Every night until the campaign was over we met in the shul and we set out like an army squad for detail. Some of the boys caught the fever of their military days, cried “Hip, hip,” and we all laughed. It was from that night on that Abe Klein became “Colonel” Klein, since he was Rossman’s deputy and started us out each night on our rounds. I still marvel at that man. You couldn’t sell him a rabbi, a prayer, or a synagogue. He came, as he once said, “strictly for the ride.” He needed friendship, and yet the thought that Israel was reborn lifted him out of himself, as if it had been his own personal renascence. “I don’t understand why I’m excited about this,” he confessed. “The rabbis will take over over there just like here.” Yet he kicked in a thousand dollars, and when Rossman named him co-chairman, he gave an additional five hundred.
_____________
As I watched Klein at the table with his big head and his huge ears, taking UJA cards, taking cash, swapping stories with the boys, not a prepossessing personality as you looked at him but spirited in a strange animal way, rising suddenly, I thought, to a new emergency, I couldn’t help but wonder if this, the excitement and the wonder of the doing, was the new Jewishness that I was looking for. It did seem like sound and fury, but I was not ready to say that it signified nothing. My own Jewishness, struggling to find a new foundation, was still uncertainly seated on childhood memories and practices. (My mother had a blue box and it was filled regularly, with pennies, of course. How fiercely observant she used to be of the Sabbath and kashrut. The old wooden drain board by the sink flashed through my mind, the meat and the fowl on it that she used to salt three times over and wash with cold water. My father, too, was a strict observer.
He would rise early in the morning and half through my sleep I could hear his prayers like the sound of a summer fly. “The Praying Alarm Clock,” Mom used to call him. Friday night at table we sang between courses. The gaslight burned with a tiny blue flame all night long, and on Saturday morning Tony came and put it out.)
“That sonofabitch should have given at least fifty! Throw that lousy check back in his face. What kind of a Jew is he? Only ten dollars! He just bought a sixteen-family unit in Jersey City!” “Colonel” Klein shouted.
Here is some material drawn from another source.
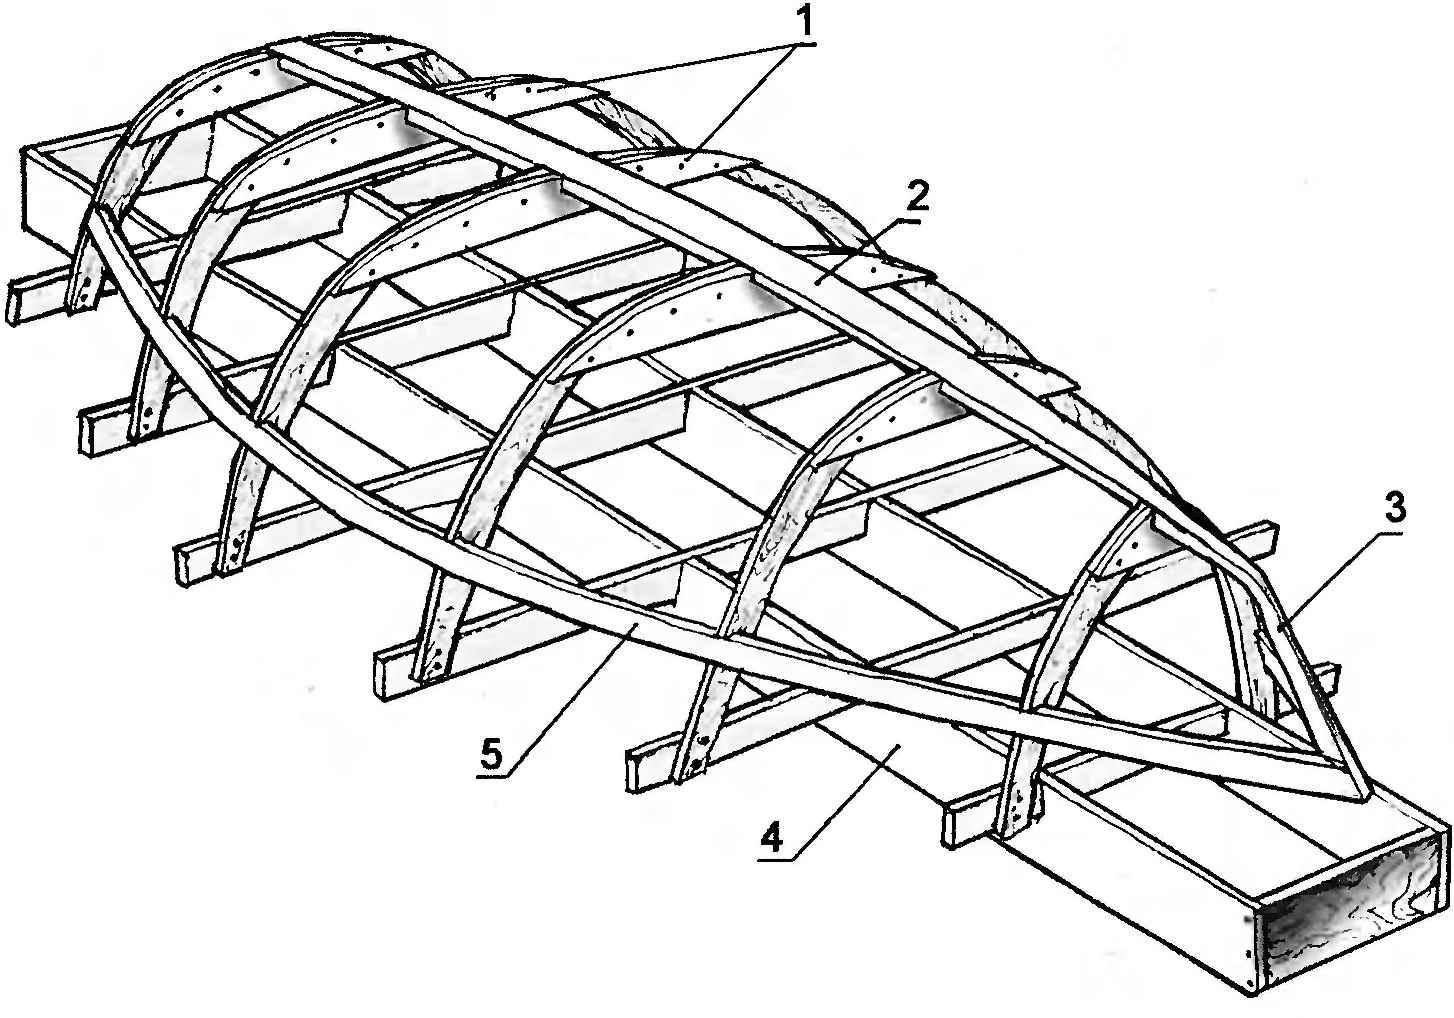 Рис. 1. Набор корпуса деревянного судна на стапеле

(“Nu,” my father used to say on Saturday afternoons. “Fang’on—Begin!” and together we went through the portion of the week—the sedra, then a section of Avoth—“The Ethics of Our Fathers”—and last of all, Gemorrah—Babba Basra, Babba Metzia. It still runs through me like an ancient rivulet, quietly through the wilderness that is me: Hoyoh roichev al gaboy behaymoh vero’ oh es hametzioh—Riding on the back of an animal and spying something lying on the ground . . .)
_____________
We made it!” I announced to my wife ecstatically.
“Made what?”
“The quota! The fifty thousand!”
“So what?”
“Waddye mean ‘So what!’”
She had been waiting up for me. Our two youngsters were asleep.
“In another year Joey will be ready for Hebrew School. What’s the use of all your working and running around? There isn’t a decent school in town. I won’t send him to that dump you got down there! I hear it’s a disgrace. Why don’t you raise some money for a new building?”
No matter what you do, somebody’s always finding fault.